The development of General Notes by Structural Engineers for specific projects can be a challenging task, particularly regarding issues of Quality Assurance and Quality Control. Conflicts can easily develop between the General Notes, the project Specifications, and the governing Building Code requirements. The development of Quality Assurance and Quality Control provisions contained in the 2016 version of TMS (The Masonry Society) 402/602, Building Code Requirements and Specification for Masonry Structures, can help minimize these potential conflicts and provide design professionals with very helpful tools to increase effective communication with all members of a project team.
History
Although the concept of Quality and Design was introduced in 1927, it was not until the 1943 edition of the UBC that a mechanism was established to implement quality in masonry construction. Section 204 (b)2 stated that masonry must be continuously inspected by a “Registered Inspector” when the stresses exceeded 50 percent of the design stresses allowed by the masonry design chapter. Even though the code required a “thoroughly qualified” registered inspector, there was no direction on what constituted the qualifications or what to inspect.
The next code cycle (1946) required that the registered inspector be qualified by the building official but, other than being qualified, the registered inspector was given little direction on masonry inspection for the next 30 years. Some progress was made in 1976 when the UBC listed when to inspect masonry, such as during placement of masonry units and reinforcement, before and during grouting operations, and preparation of test specimens. Still, the code provided little guidance on the quality control aspects of masonry inspection.

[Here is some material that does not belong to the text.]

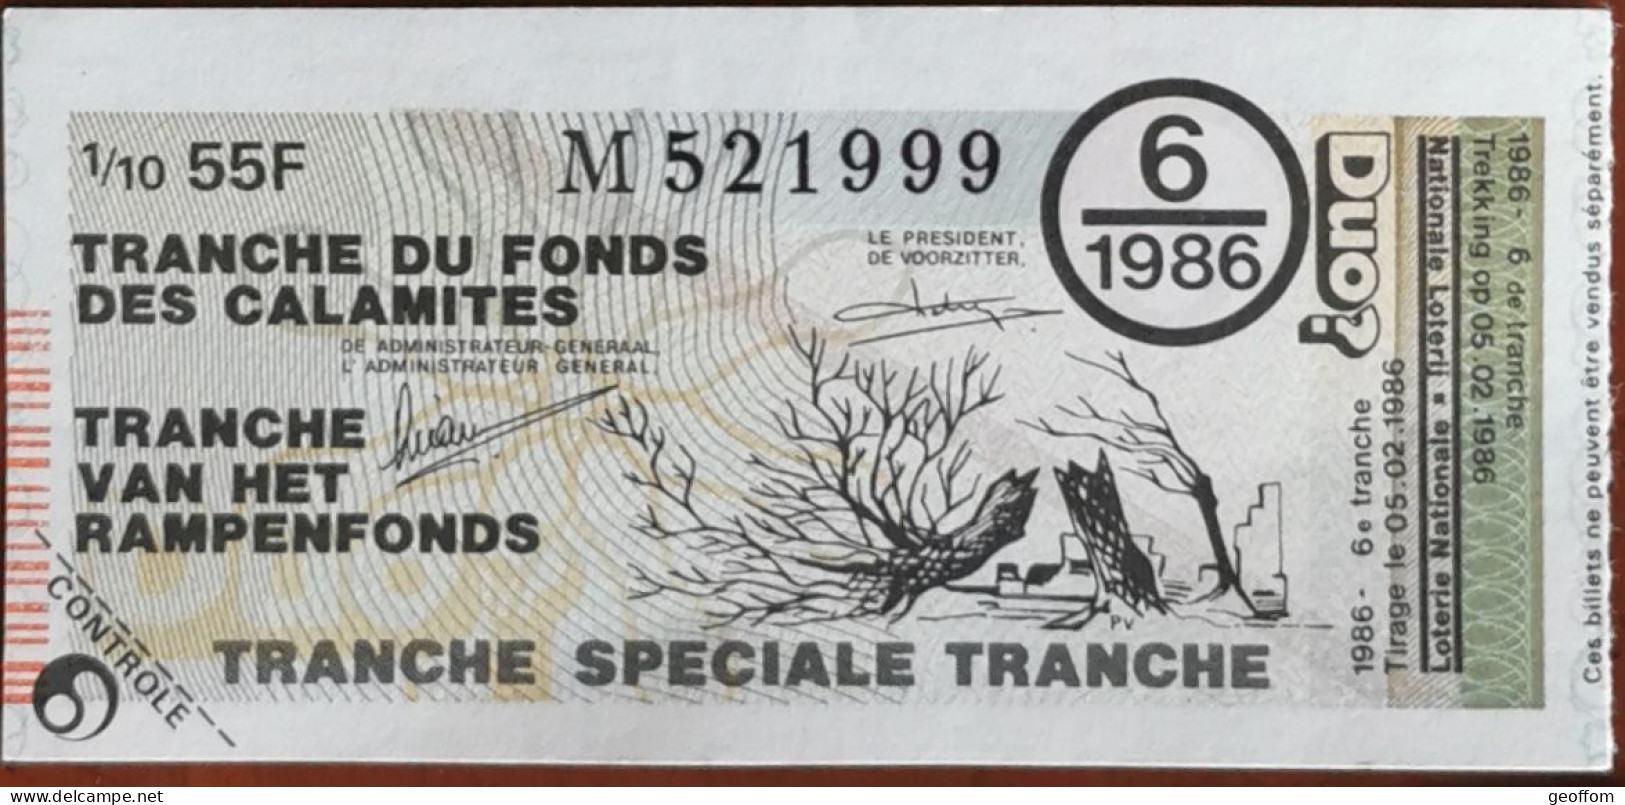 Billet De Loterie Nationale Belgique 1986 6e Tranche Du Fond Des Calamites - 5-2-1986 - Billetes De Lotería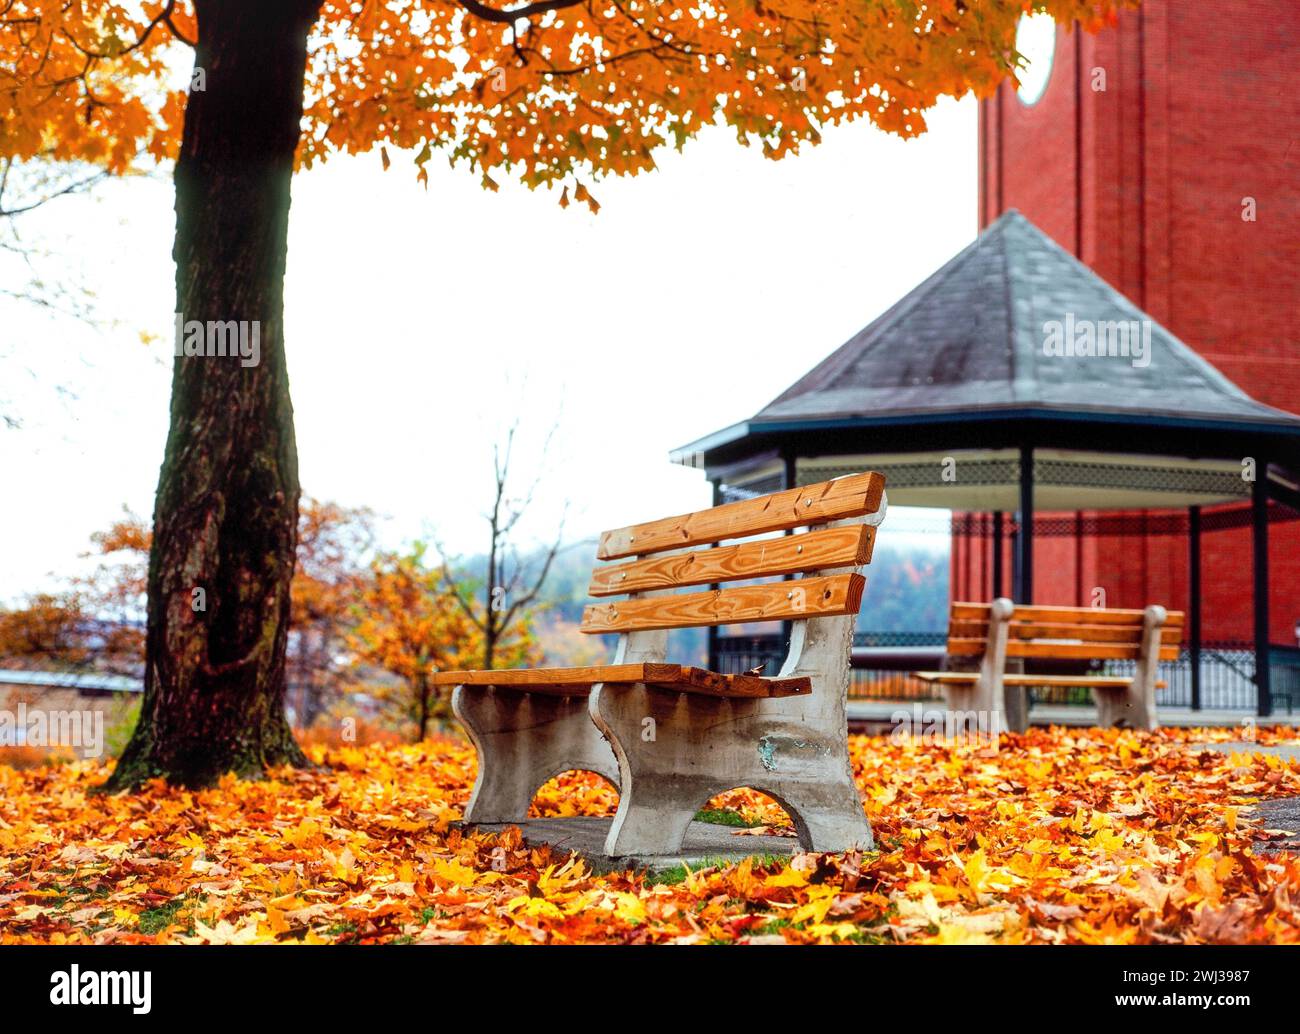 St. Johnsbury, Vermont in autumn - USA Stock Photo

As the code transitioned into the International Building Code (IBC) in 2000, inspection tables were introduced in the IBC and the referenced material standard, Building Code Requirements for Masonry Structures (TMS 402/ACI 530/ASCE 5). Although similar, these inspection tables contained inconsistencies, with the IBC taking a senior position for inspection tasks. Even with the inconsistencies, this was a significant step forward in formulating consistent Quality Control requirements.
For several years, both sets of inspection tables matured. In 2009, the IBC contained a detailed list for two levels of masonry verification and inspection tasks in Tables 1704.3 and 1704.4. These tables formed the basis for developing a Quality Assurance program by listing the minimum Quality Control provisions required for masonry construction. The two sets of tables ultimately disappeared in the 2012 IBC since they were redundant with the Verification and Inspection Tables contained in TMS 402-11/ACI 530-11/ASCE 5-11, Building Code Requirements for Masonry Structures.
Structural Notes
Since the code has historically been lacking specific Quality Assurance and Quality Control provisions, Structural Engineers have been appropriately listing material and construction requirements on structural drawings in the form of General Notes (as supplemented by the project Specifications). For the most part, Masonry General Notes have been a repetitive listing of material standards, such as ASTM C90 for Concrete Masonry Units, ASTM C270 for mortar, and ASTM C476 for grout. In addition to listing the ASTM Standards, some of the material properties contained in the Standards were also listed, such as the strength of the Concrete Masonry Unit, the strength and mix proportion of masonry mortar (which conflicts with the Standard), and the strength of grout.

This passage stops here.